PROBLEM STATEMENT ->
Write the data below out exactly as it stands. Do not include the pictures.

EXERCISE DATA Start Marker

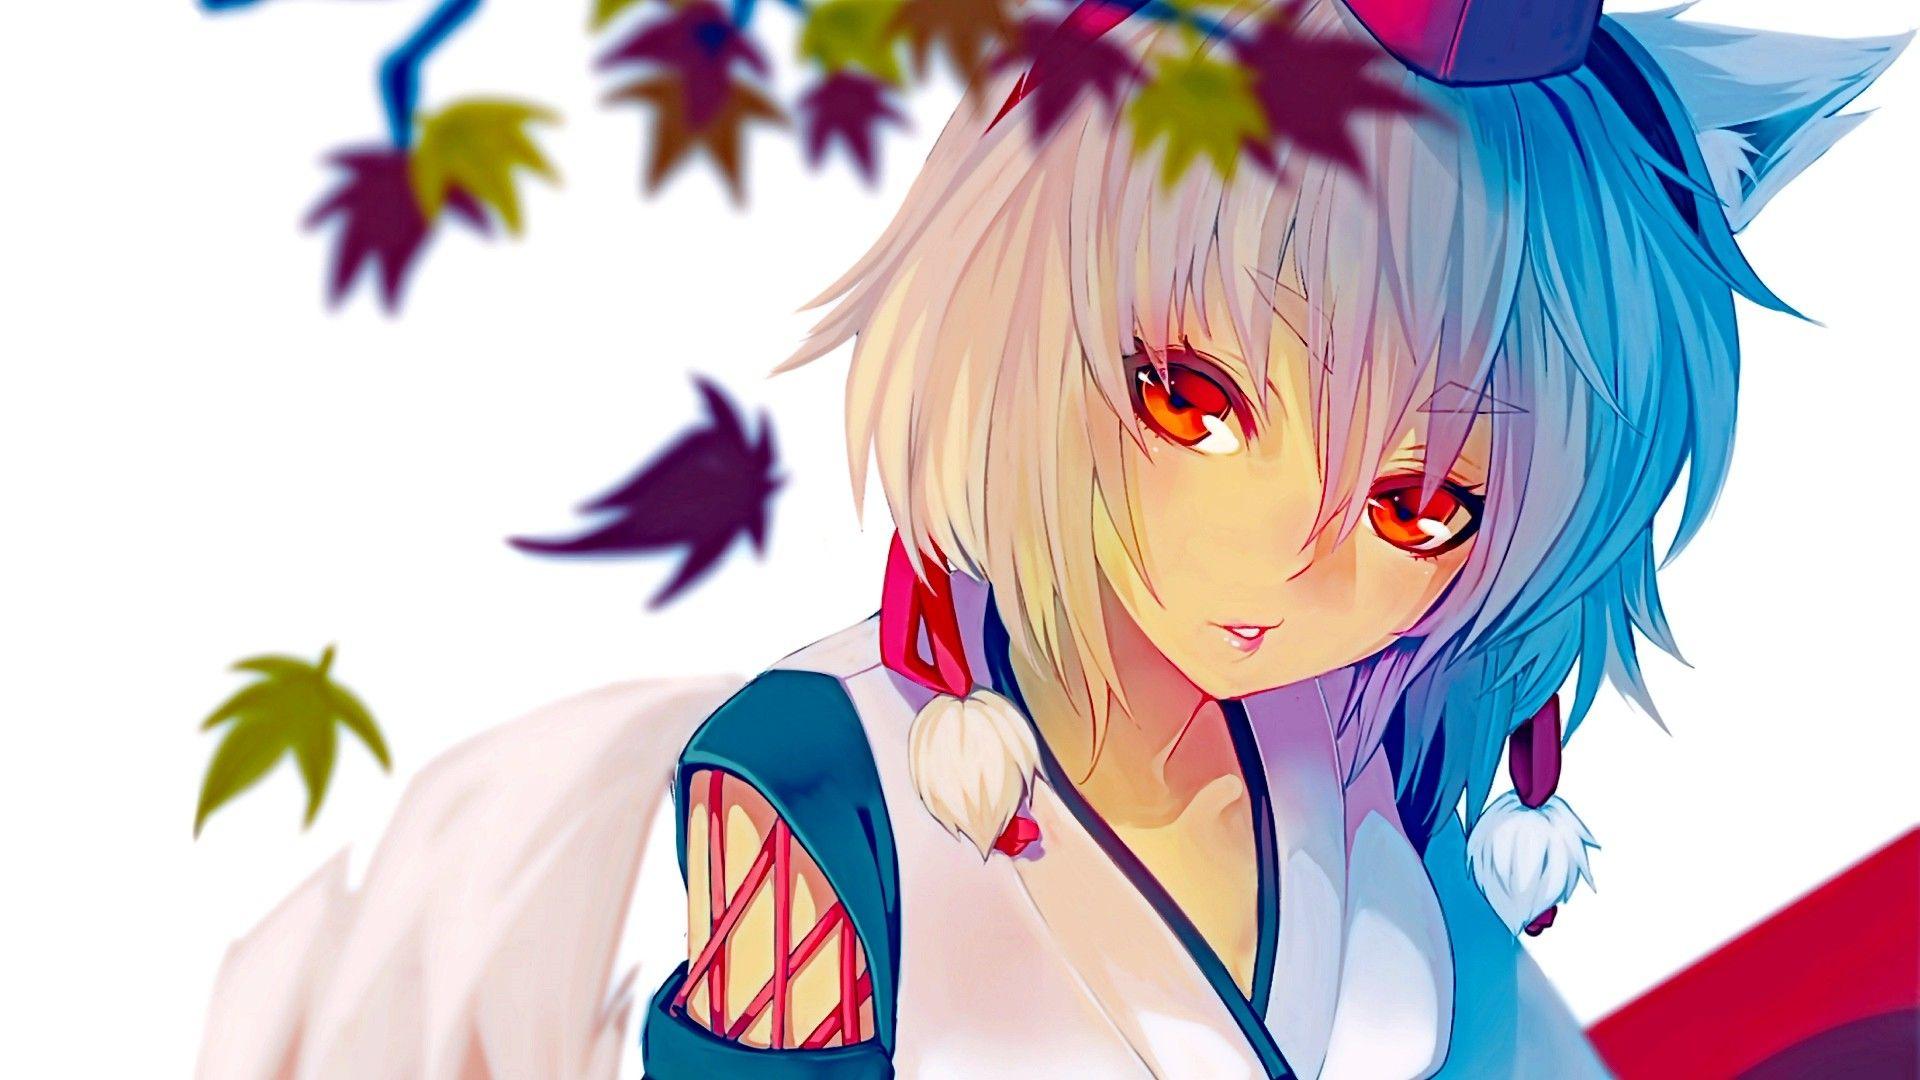 Beautiful Wolf Girl / Cat Girl With White Hair And Red Eyes
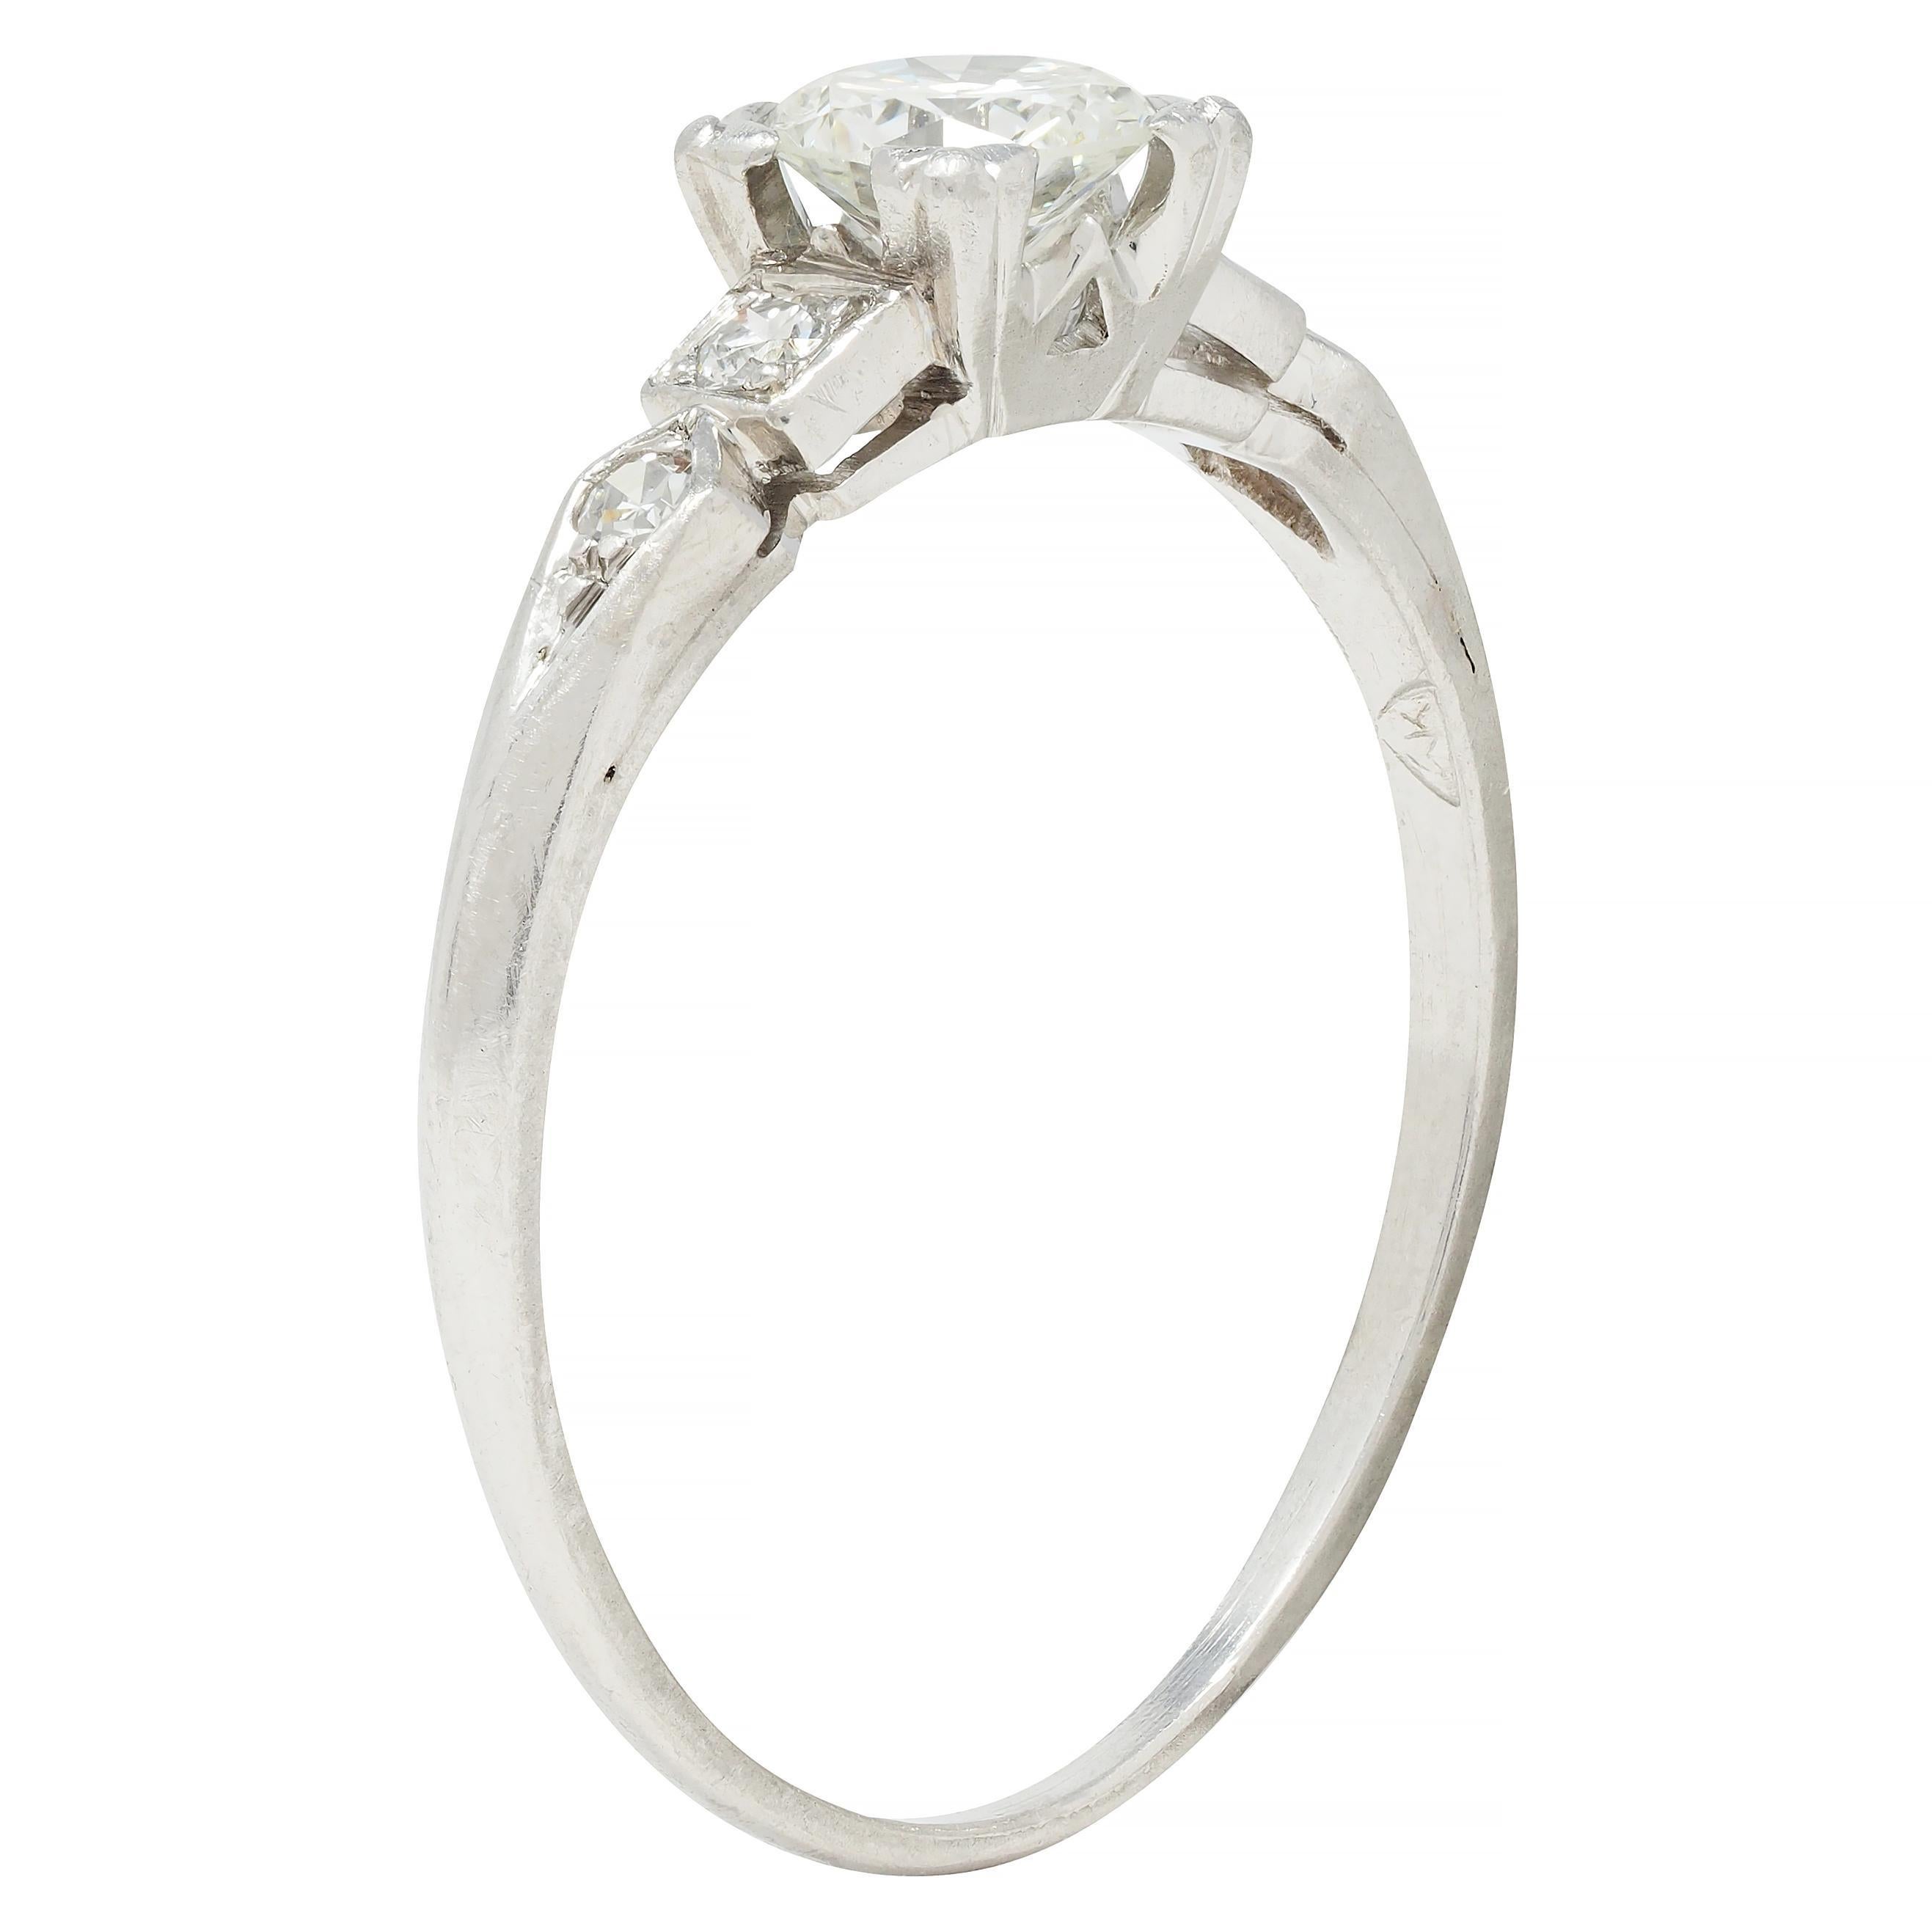 Centering a transitional cut diamond weighing approximately 0.41 carat total - I color with VS2 clarity
Set with tri-split prongs in a square form basket with a pierced 'W' motif profile 
Flanked by cathedral shoulders bead set with single cut

EXERCISE DATA End Marker

TASK OUTPUT ->
 Beautiful Wolf Girl / Cat Girl With White Hair And Red Eyes
 Centering a transitional cut diamond weighing approximately 0.41 carat total - I color with VS2 clarity
Set with tri-split prongs in a square form basket with a pierced 'W' motif profile 
Flanked by cathedral shoulders bead set with single cut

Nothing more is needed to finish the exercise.